For the last one-and-a-half years, 15-year-old Nazia (name changed) has not been to school. The reason: Her 20-year-old neighbour, who wants to marry her forcibly, keeps on threatening and stalking her and had also kidnapped her.
Nazia, hailing from a small village at Ratua in Malda, has since been running from pillar to post to ensure that she can continue with her studies. On Wednesday, she attended a programme on child marriage in Malda and spoke on her ordeal. When mediapersons thronged her small mud house on Thursday, she initially refused to come out.
Speaking to The Indian Express, Nazia said: “This is why child marriages continue here. We are girls and have to follow social compulsions. I want to continue with my studies. But my parents are weak and scared of the threats. They are continuously receiving threats from villagers.
My parents have bowed to them, but I have not.” “I went to Malda, 40 km from my village, several times with my elder brother. I met administration officials and sought help. I also went to the Ratua police station and asked for security. Nothing happened. How would I continue with my studies?” she asked.
“I never asked for money. I only asked for my right to study and not to get married. My neighbour always stalks me. They kidnapped me a year ago and I was rescued from North-24 Parganas after four days. My family lodged a complaint. He was arrested but was granted bail after 14 days,” Nazia further said.
She added: “We were so scared that I could not go to school for the last one-and-a-half years. During examinations, I elder brother accompanies me to the school. I would appear for my Class X Boards next year and I am not getting any support.” Nazia goes to a madrasa, which is 3 km from her house.
“I took the number of a child helpline from a friend. I gave a missed call to the number, as I did not have any money to make a call. They called me back and promised that they would help me. But nothing happened,” she said.

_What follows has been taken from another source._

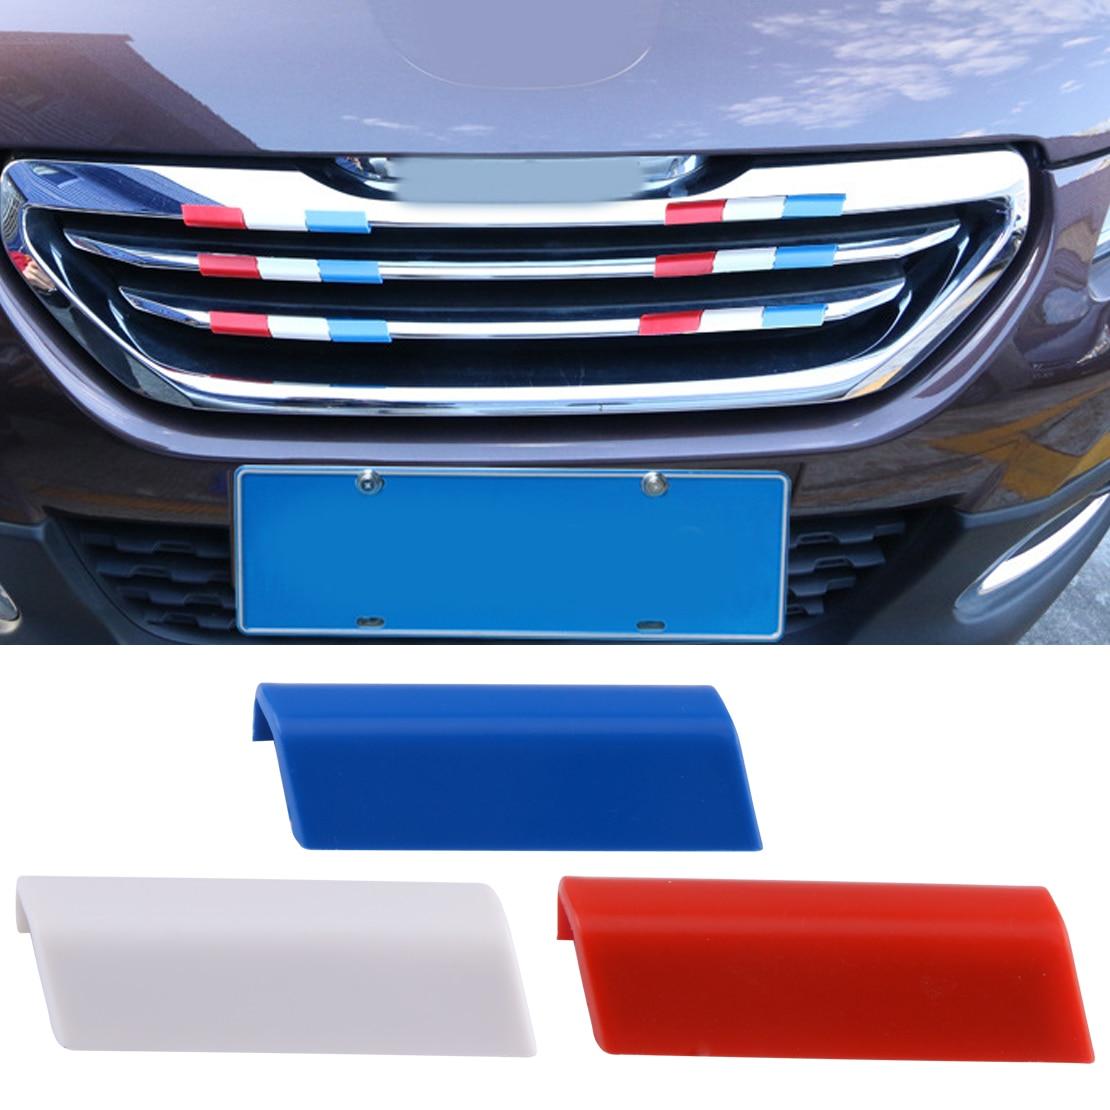 3Pcs Car Front Grille Grill Cover Trim France Flag Color Plastic Fit for Peugeot 301 4008 308 408 grille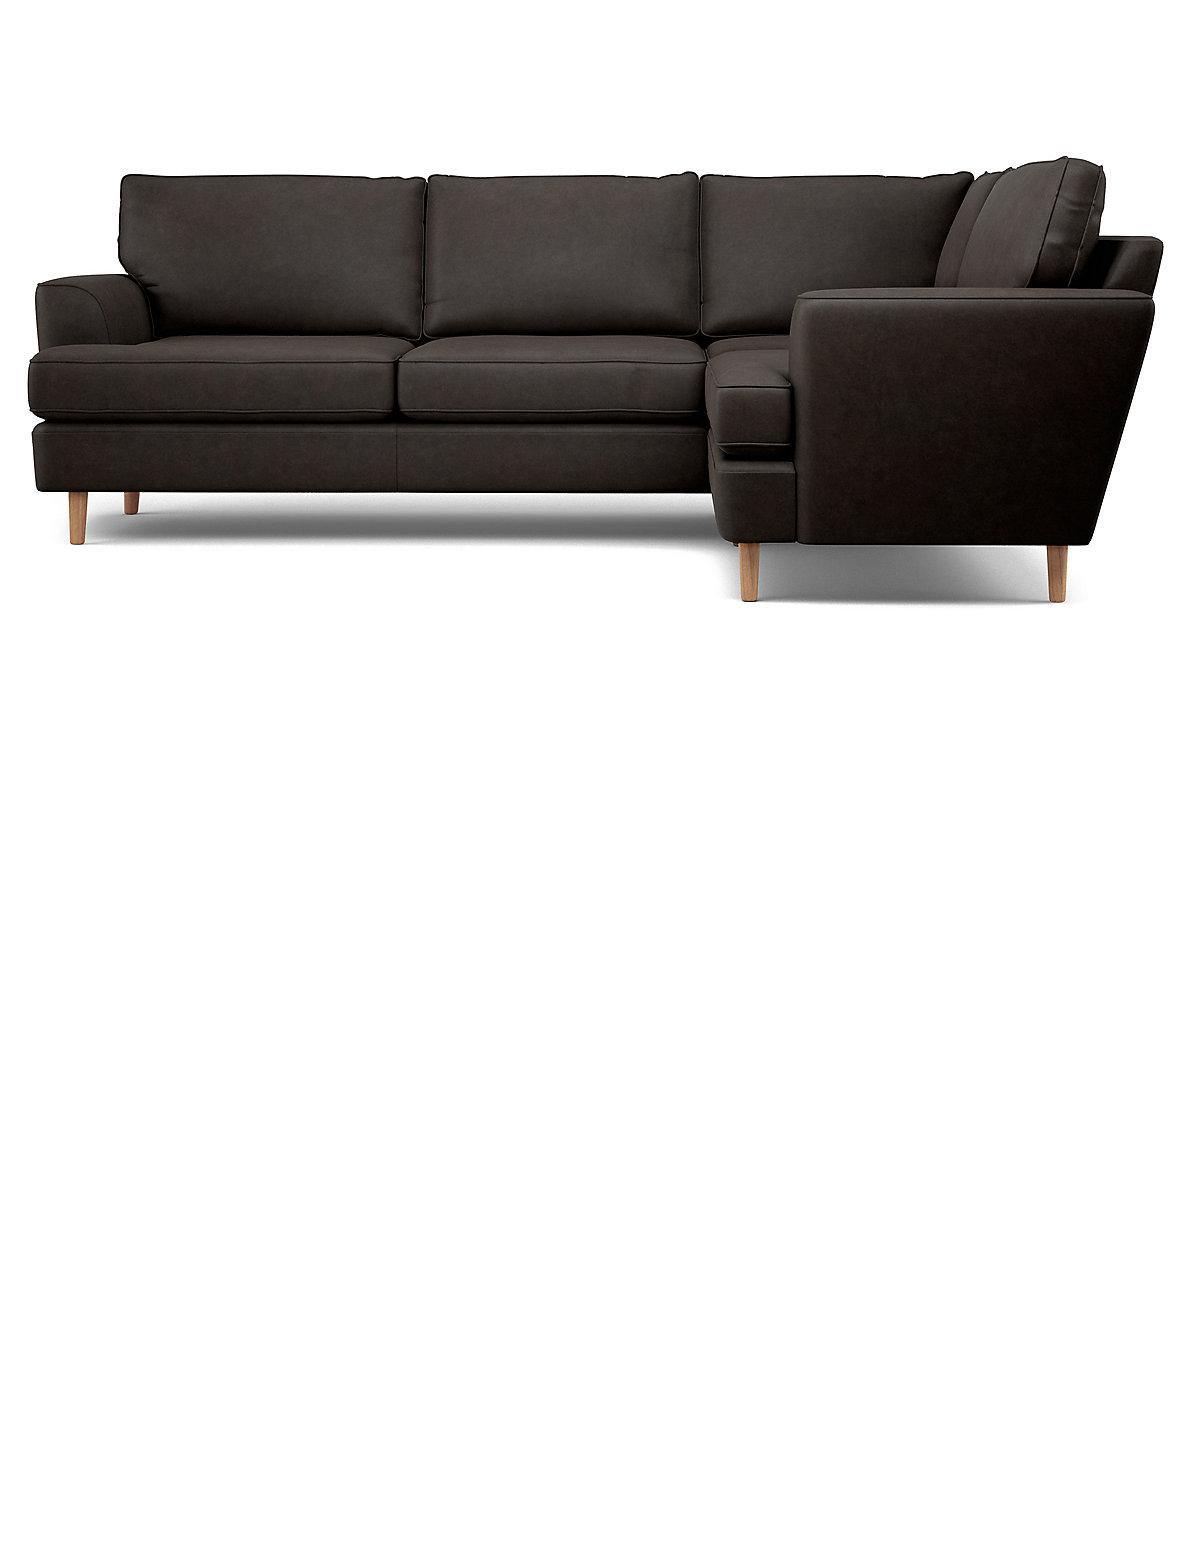 Pleasant Ms Black Copenhagen Small Corner Sofa Ix Css Creativecarmelina Interior Chair Design Creativecarmelinacom

“People praise Malala Yousafzai (Nobel peace prize winner from Pakistan) because she fought against child marriage and for the education of the girl child. I have also been inspired by her. But when I beg to be allowed to study, why am I ignored? Why no NGO or the administration helps me out?” she asks.
Nazia’s father, a farmer, said: “We are scared as they attack my house very often. The police did not help me. My daughter is determined to continue with her studies. She is so brave. Now, we have decided to stand by her side.”
It was only on Thursday that a team from the district administration went to visit Nazia at her house.
When contacted about the complaint Nazia had lodged against her neighbour, a police officer said: “This is an old case, I will have to look for the case papers and then only can comment.”